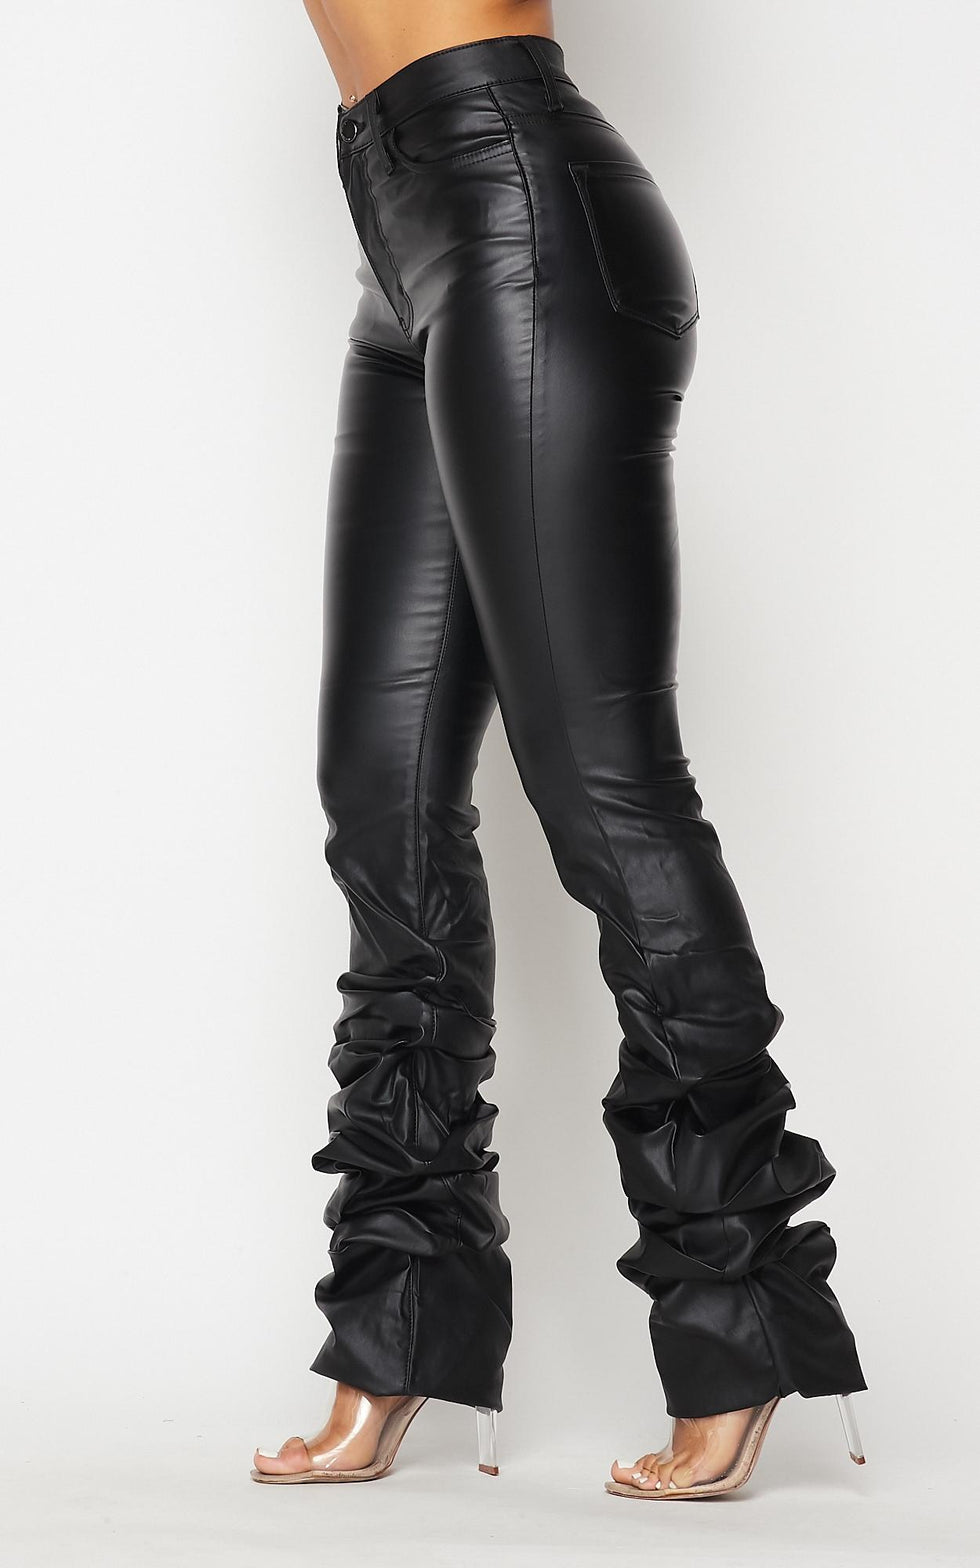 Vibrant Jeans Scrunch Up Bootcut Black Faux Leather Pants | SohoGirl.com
_ _ _
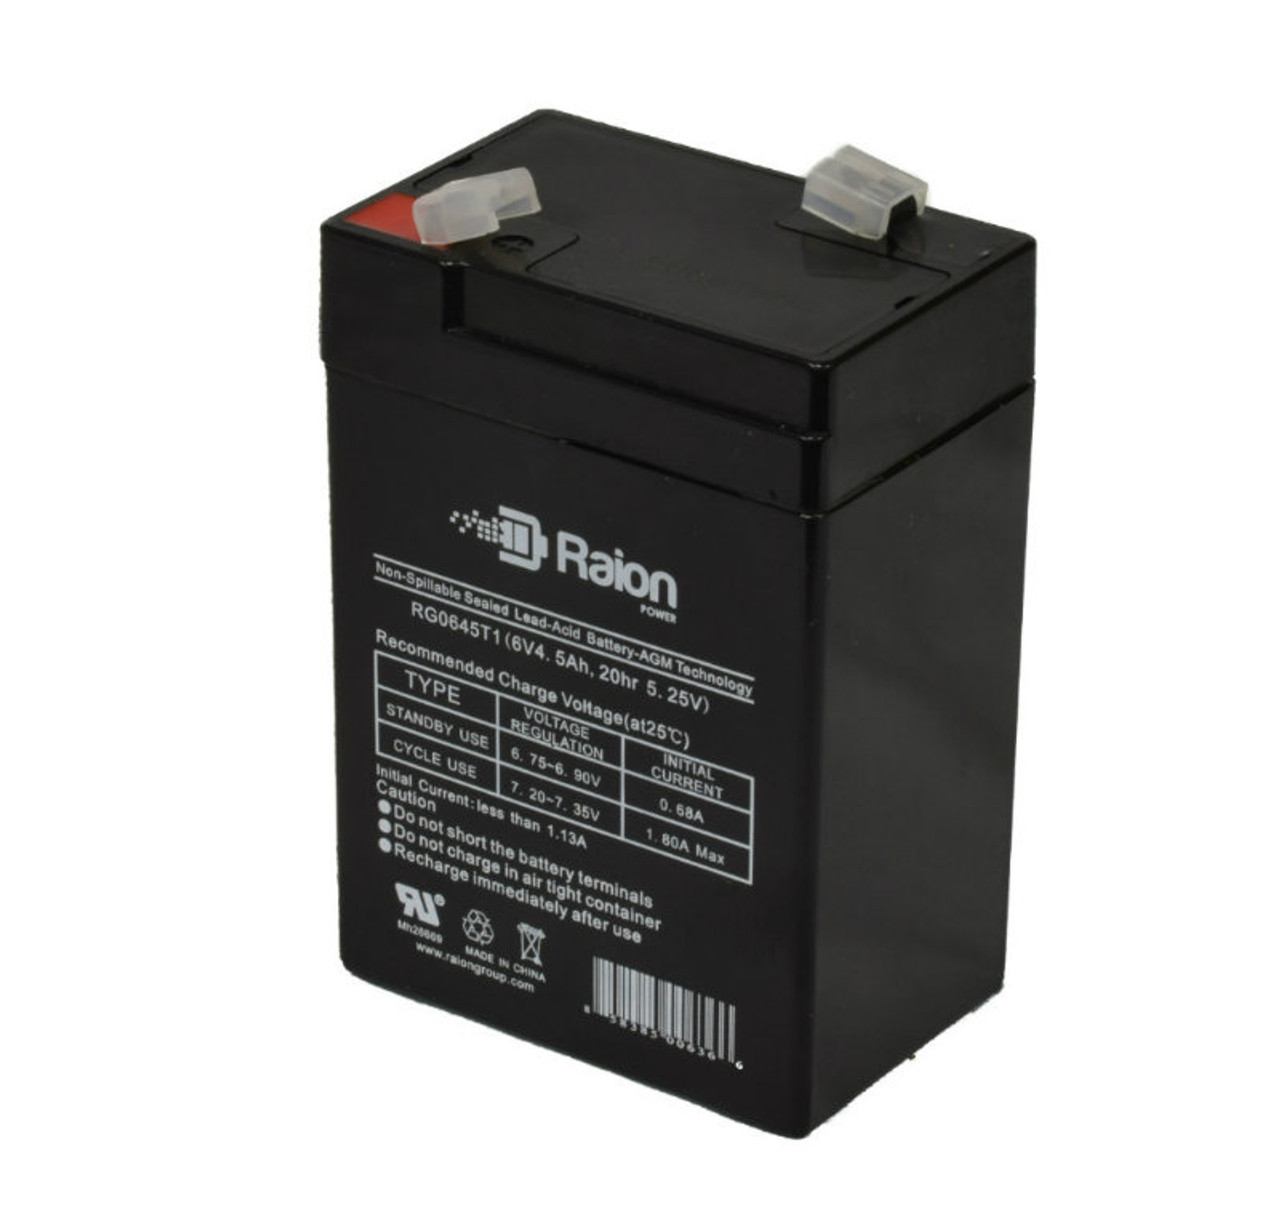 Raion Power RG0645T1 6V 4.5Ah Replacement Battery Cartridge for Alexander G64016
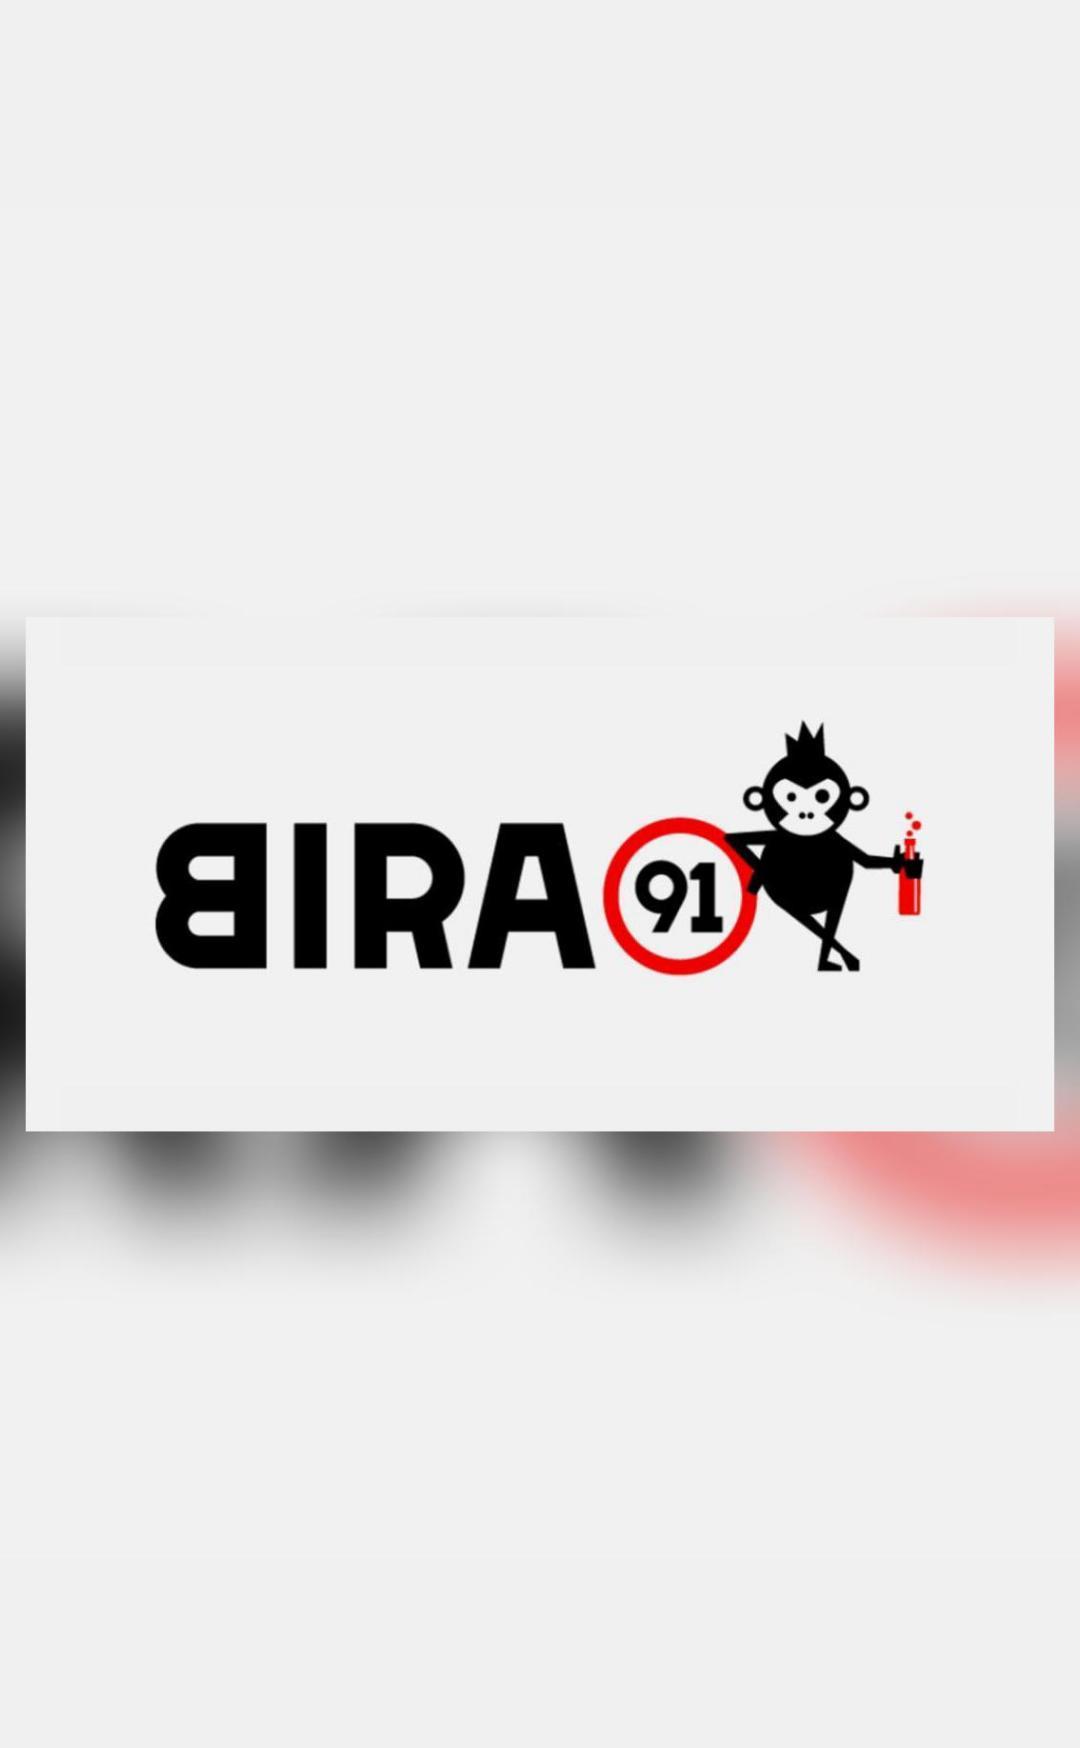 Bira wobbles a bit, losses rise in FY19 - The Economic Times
_ _ _
[How to complete this task] What you write must match the listing exactly, from the line with "Raion Power RG0645T1" up to and including the line with "Bira wobbles a". Pictures stay out.

[Reply]
 Raion Power RG0645T1 6V 4.5Ah Replacement Battery Cartridge for Alexander G64016
 Bira wobbles a bit, losses rise in FY19 - The Economic Times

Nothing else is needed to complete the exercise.